Russia bans militia group named after national heroes as terrorist organization

The group’s head Vladimir Kvachkov, a former intelligence colonel, was sentenced to 8 years in a top security prison for a coup attempt in 2013

MOSCOW, August 12 /TASS/. Russia’s Supreme Court on Wednesday upheld a court decision to recognize the Minin and Pozharsky Public Militia movement as a terrorist organization and ban its activities in Russia.

The group is headed by the former intelligence colonel Vladimir Kvachkov who is serving an eight-year sentence in a top security prison for a coup attempt.

"The court has turned down an appeal of the counsel for the defense," Kvachkov’s lawyer Oksana Mikhalkina told TASS.

Earlier, the Moscow city court recognized the Minin and Pozharsky Public Militia group, an all-Russia public movement, to be a terrorist organization and banned its activities in Russia.

The decision came into force on Wednesday, August 12.

Earlier, Kvachkov was charged with leading a shooting and bombing attack in 2005 on a convoy carrying Rusnano chief Anatoly Chubais, who at the time was head of national power monopoly Unified Energy System.
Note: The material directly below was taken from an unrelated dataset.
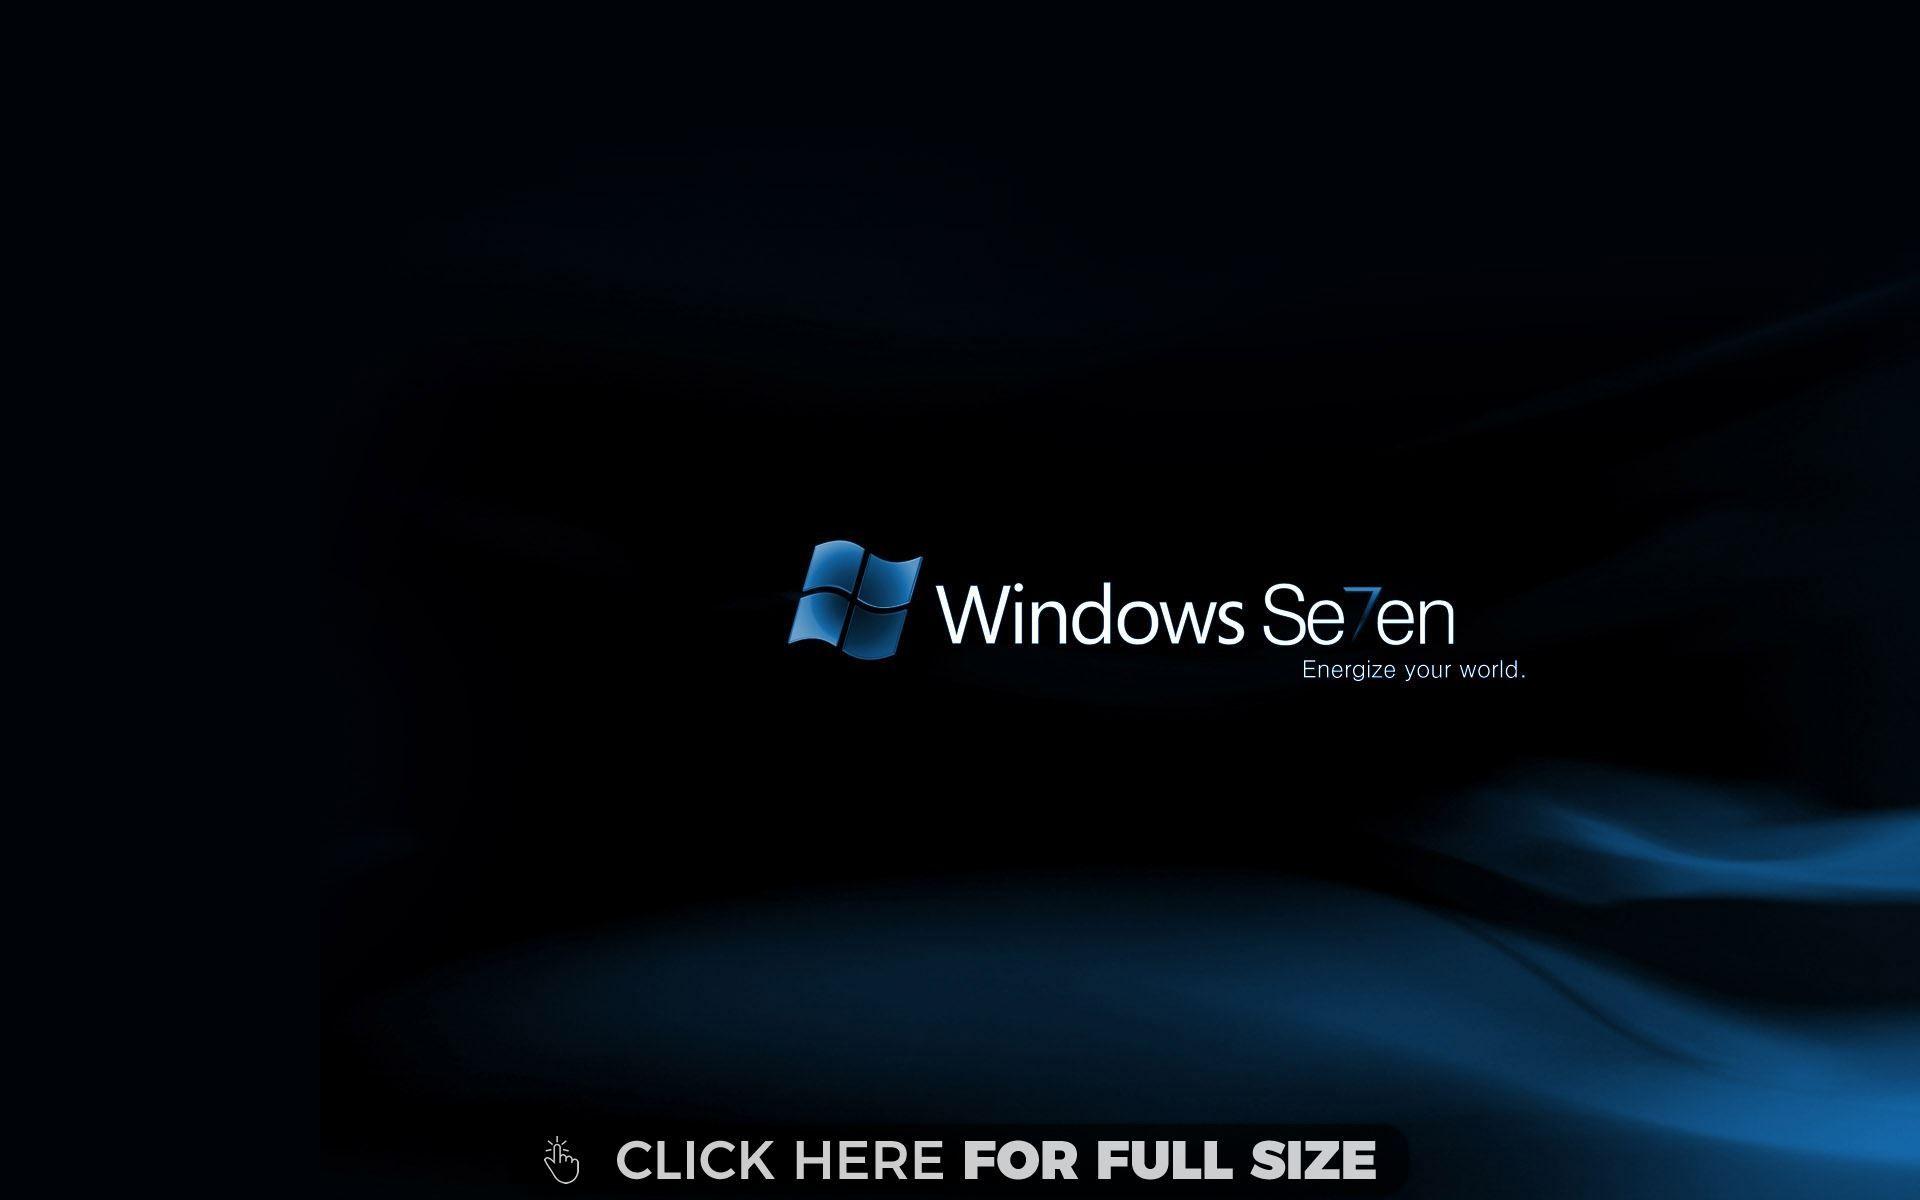 Fondos Windows Ultimate Wallpaper Windows Desktop Wallpaper Desktop Themes Windows

Chubais, an architect of the liberal reforms in the 1990s, is reviled by many for the chaos that accompanied the country's rapid transition to a market economy.

A jury cleared Kvachkov and his associates of all the charges in 2008. The Supreme Court overturned the decision in 2009 and a retrial ended with another acquittal in September, upheld by the Supreme Court. The state paid the retired colonel 450,000 roubles (about 7,000 US dollars) in compensation for the illegal criminal prosecution.

Kvachkov was convicted again in 2013 on charges of an attempt to organize an armed uprising and for recruitment and involvement of people into terrorist activities.

Colonel Kvachkov organized the Minin and Pozharsky Public Militia movement in February 2009. He used the names of Kuzma Minin and Count Dmitry Pozharsky, the two national heroes who led an uprising against Polish invaders early in the 17th century and finally liberated Moscow and the rest of Russia from the Poles, in the organization’s name.